Avoiding local trapping problems in ABC

Speaker: Kieran Richards, Department of Mathematical Sciences
Wednesday 13 March 2019: 1pm, CM105

Approximate Bayesian Computation is a Bayesian technique that allows us to produce samples from a posterior distribution when the likelihood is intractable or computationally difficult to evaluate. Unfortunately ABC can often suffer from extreme local trapping problems where the sampler does not move for long periods of time and hence produces low quality samples that are of little use. We'll apply some stochastic approximation techniques to attempt to avoid the local trapping problem by penalizing the MCMC sampler for remaining in the same place for long periods of time and instead encouraging it to move more evenly around the sample space. We'll then test our new algorithm with some simulated examples and compare the results with those from standard ABC sampling.
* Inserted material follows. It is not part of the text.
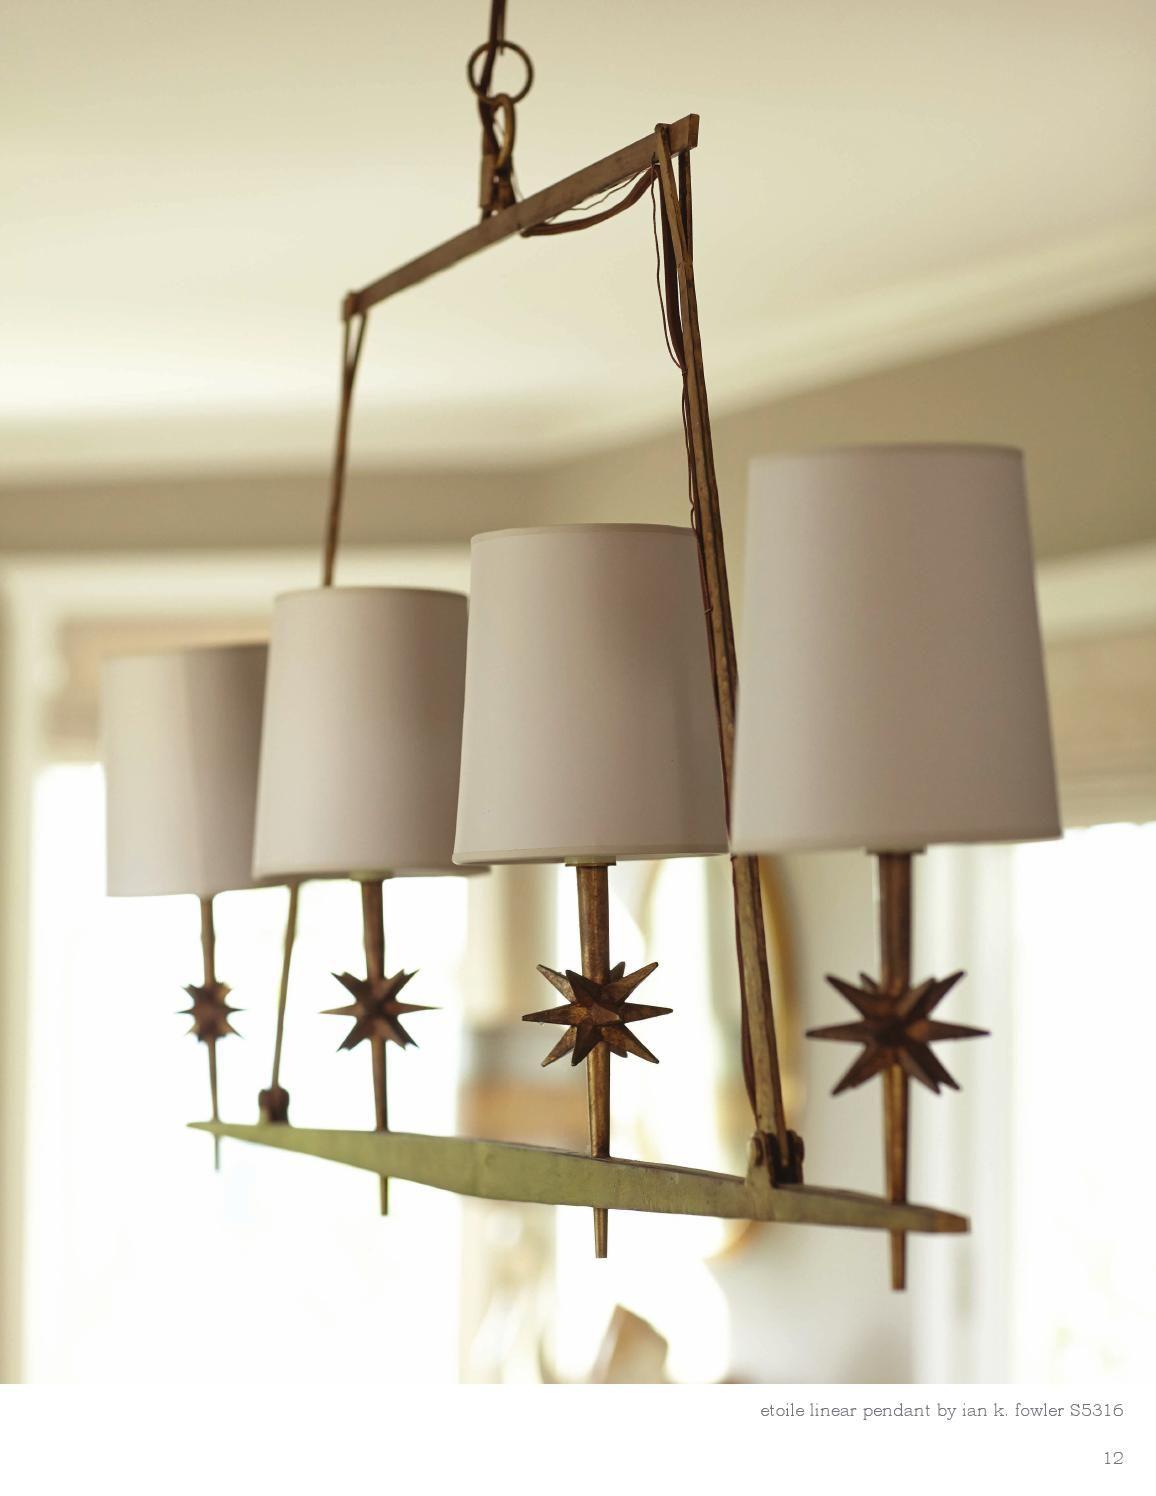 circa lighting lookbook vol 1 circa lighting lights. Black Bedroom Furniture Sets. Home Design Ideas

Bayesian approaches to Well Test Analysis

Speaker: Themistoklis Botsas, Department of Mathematical Sciences
Wednesday 6 March 2019: 1pm, CM105

Deconvolution for Well Test Analysis is a methodology that solves an inverse problem associated with petroleum engineering and derives an impulse response function that contains important information about the system.
We use a response function form based on the multi-region radial composite model, known in petroleum literature for its flexibility and ability to resemble almost every plausible shape that can be encountered.
We use an errors-in-variables non-linear Bayesian regression model in order to make inferences about the response function. This allows us to include uncertainty for the independent variables, which is essential in our context due to the large observational error. We combine the likelihood with a set of flexible priors for our parameters and we use MCMC algorithms in order to approximate the posterior.
We illustrate the use of our algorithm by applying it to synthetic and field data sets. The results are comparable in quality to the state of the art solution, which is based on the total least squares method, but our method has several advantages: we gain access to meaningful system parameters associated with the flow behaviour in the reservoir; we can incorporate prior knowledge; and we can quantify parameter uncertainty in a principled way by exploiting the advantages of the Bayesian approach.

Simplify Your Code with %>% (The pipe operator)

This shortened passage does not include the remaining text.